Expression of nNOS in the dorsal penile nerve
We evaluated the expression of nNOS in the dorsal penile nerve using immunohistochemical staining. Penile tissues were stained with green fluorescent beta-III tubulin and red fluorescent nNOS to identify the penile nerve fibers and their nNOS content, respectively. Figure 4 shows that the nNOS content in the BCNI group was significantly less compared with that in the normal group. bFGF+ADSC/BDNF treatment increased the number of nNOS-positive nerve fibers relative to the control group.
Expression of α-smooth muscle actin (α-SMA) protein in the corpus cavernosum
We investigated the protein expression of α-SMA in the corpus cavernosum by western blot analysis (Fig. 5). We used an anti-β-actin antibody as an internal control. α-SMA expression was significantly lower in the BCNI group than the normal group, suggesting that the damage to the CN induced significant apoptosis of smooth muscle cells in the corpus cavernosum. However, expression of α-SMA in all the treatment groups was significantly higher than that in the BCNI group. In particular, α-SMA expression in the bFGF-ADSC/BDNF group was significantly higher than that in the bFGF-only and ADSC/BDNF-only groups (p<0.05).
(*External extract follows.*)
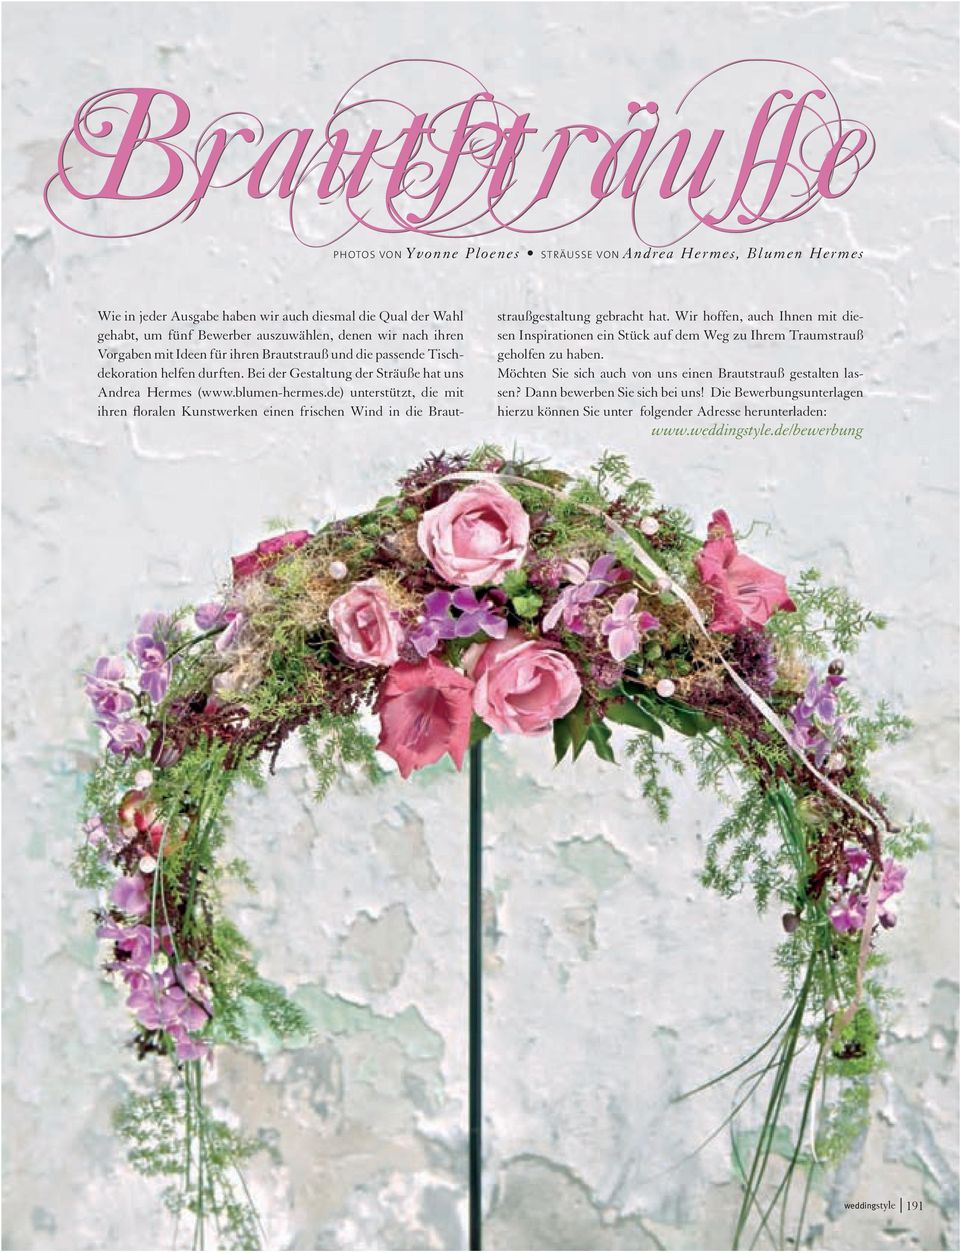 de) unterstützt, die mit ihren floralen Kunstwerken einen frischen Wind in die Brautstraußgestaltung gebracht hat.

Level of cGMP in the corpus cavernosum
Corpus cavernosum concentrations of cGMP in the N, BCNI, bFGF, ADSC/BDNF, and bFGF+ADSC/BDNF groups were 40.0, 25.9, 32.5, 33.8, and 37.4 pmol/g, respectively (Fig. 6). cGMP levels increased significantly in all the treated groups compared with the BCNI group. cGMP expression in the AB/bFGF group was significantly higher than the other experimental groups and not statistically different compared with the normal group.
Discussion
Even though robot-assisted laparoscopic RP and nerve-sparing techniques are performed worldwide, mechanical damage to the CN during RP is inevitable.1 For the duration of robot-assisted surgical procedures, the CN is exposed to laceration, mechanical stretching, and heat damage. Advances in anatomical knowledge and technology have decreased the rates of ED following RP; however, complete preservation of sexual potency and continence after this procedure remains a challenge. Compromised functioning of the CN after RP is the dominant cause of atrophy of the corpus cavernosum and loss of neurotransmitters and fibrosis, which together result in postprostatectomy ED.21 Neuronal damage extensively alters the microarchitecture and structure of the corpus cavernosum, significantly decreasing penile erectile function.22 However, conventional studies have only assessed direct injection of cells into the corpus cavernosum, focusing on smooth muscle atrophy in the corpus cavernosum, and have not addressed the limited efficacy thereof on CN regeneration.23 To prevent and increase the efficacy for ED treatment, we directly applied stem cells and a growth factor to injured CNs, which we deemed the ultimate cause of ED.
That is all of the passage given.